Here, Julia seems just slightly slower than Octave.

Julia version info:

Julia Version 0.4.5
Commit 2ac304d (2016-03-18 00:58 UTC)
Platform Info:
  System: Darwin (x86_64-apple-darwin13.4.0)
  CPU: Intel(R) Core(TM) i5-3330S CPU @ 2.70GHz
  WORD_SIZE: 64
  BLAS: libopenblas (USE64BITINT DYNAMIC_ARCH NO_AFFINITY Sandybridge)
  LAPACK: libopenblas64_
  LIBM: libopenlibm
  LLVM: libLLVM-3.3

Octave version info: (running an older version because that was all I could get running quickly on OS 10.8.5.)

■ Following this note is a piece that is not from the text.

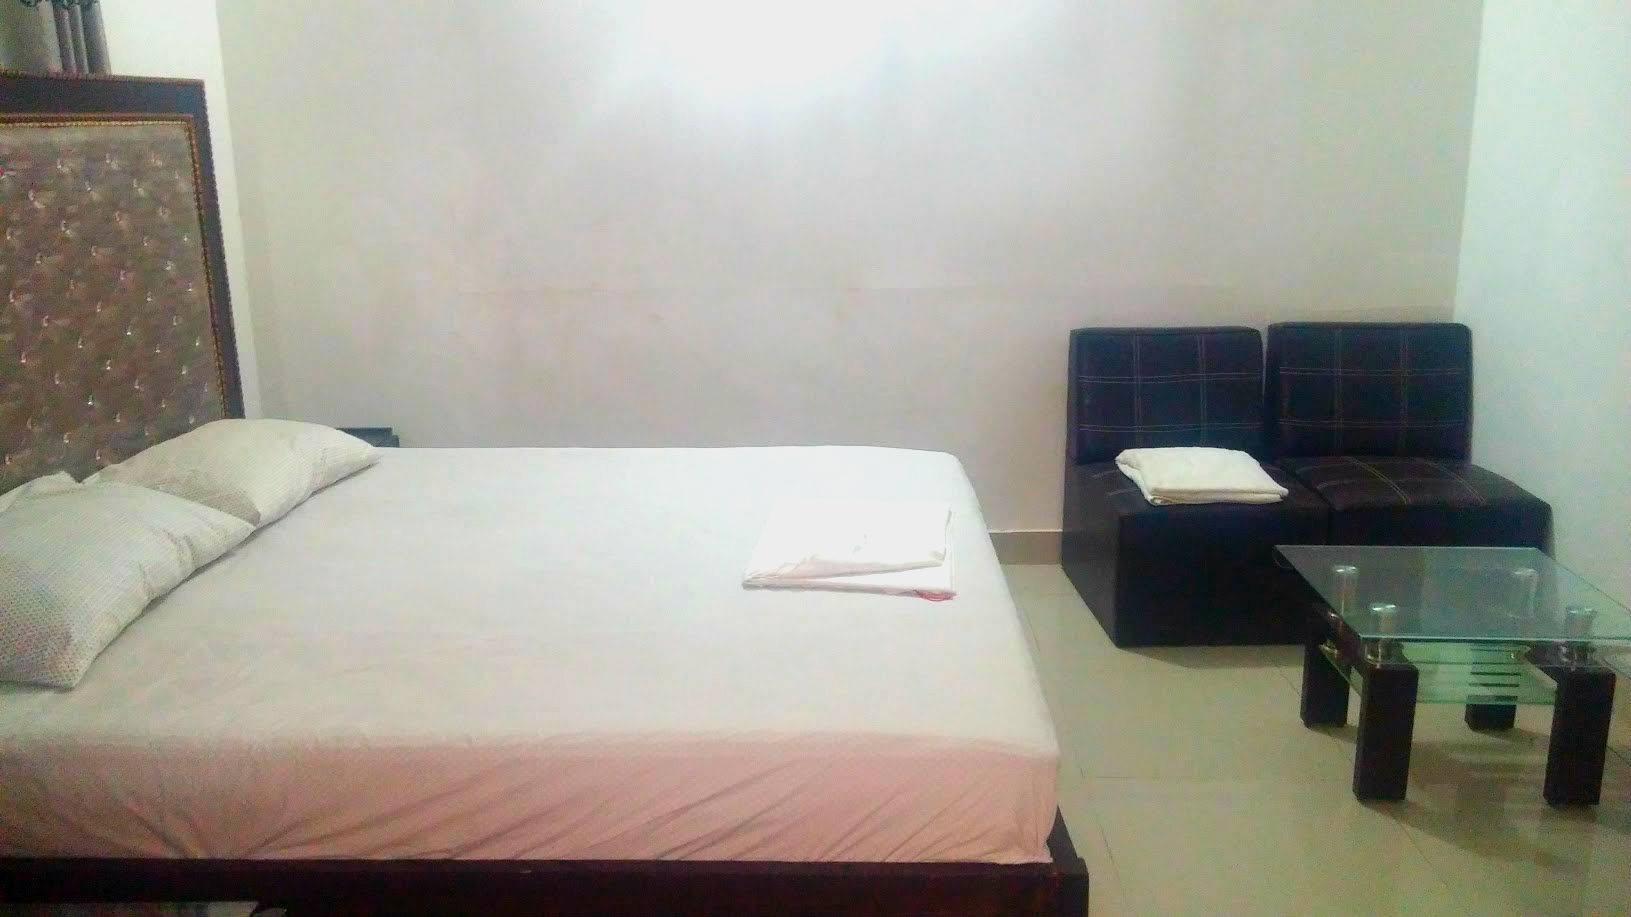 Room for dating karachi
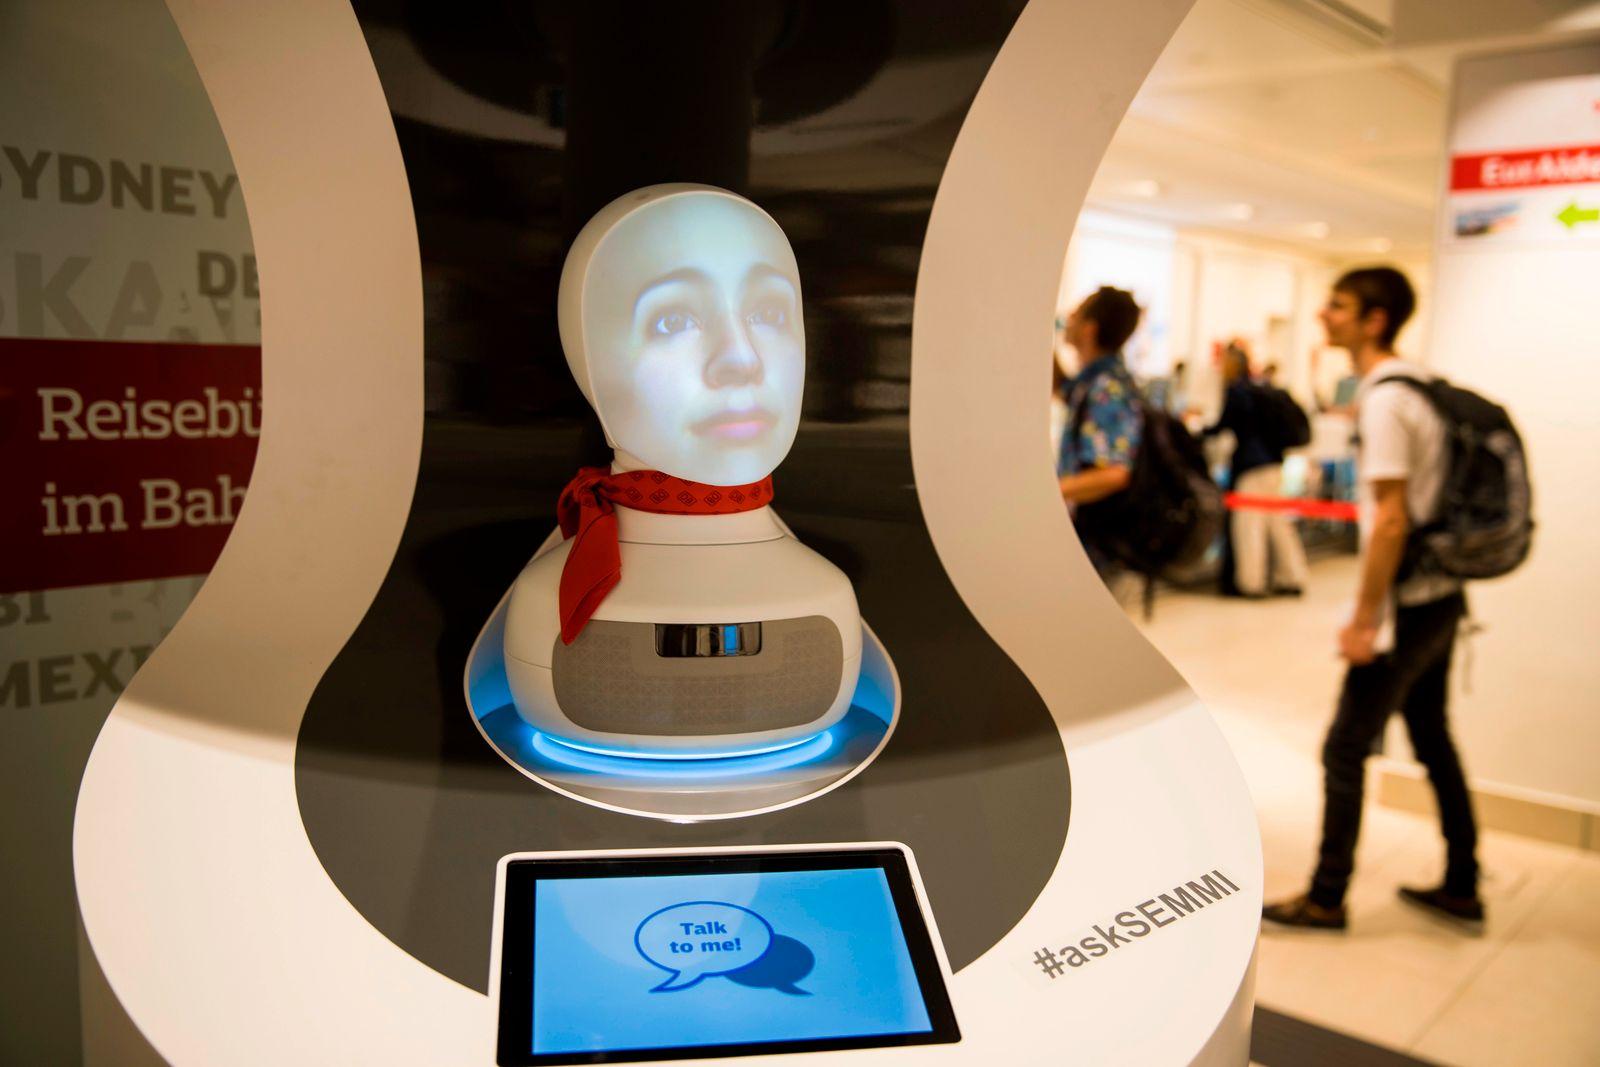 Semmi Roboter / Deutsche Bahn

----------------------------------------------------------------------
GNU Octave Version 3.2.3
GNU Octave License: GNU General Public License
Operating System: Darwin 12.5.0 Darwin Kernel Version 12.5.0: Sun Sep 29 13:33:47 PDT 2013; root:xnu-2050.48.12~1/RELEASE_X86_64 x86_64
----------------------------------------------------------------------
no packages installed.

My computer running OS X 10.11.5 continues to exhibit the order of magnitude performance difference. Can anyone else reproduce this?

@loganwilliams
Copy link
Author

Here's the result of profiling the rfft of a 5000x5000 matrix on my 10.11.5 computer: http://pastebin.com/nmr5Nyvn

@jaakkor2
Copy link
Contributor

Julia on my MacBook 3x slower than Octave

julia> versioninfo()
Julia Version 0.4.5
Commit 2ac304d (2016-03-18 00:58 UTC)
Platform Info:
  System: Darwin (x86_64-apple-darwin13.4.0)
  CPU: Intel(R) Core(TM)2 Duo CPU     P7350  @ 2.00GHz
  WORD_SIZE: 64
  BLAS: libopenblas (USE64BITINT DYNAMIC_ARCH NO_AFFINITY Penryn)
  LAPACK: libopenblas64_
  LIBM: libopenlibm
  LLVM: libLLVM-3.3
julia> FFTW.set_num_threads(1);R=rand(5000,5000);@time a=rfft(R);
  7.072357 seconds (99 allocations: 190.816 MB, 0.32% gc time)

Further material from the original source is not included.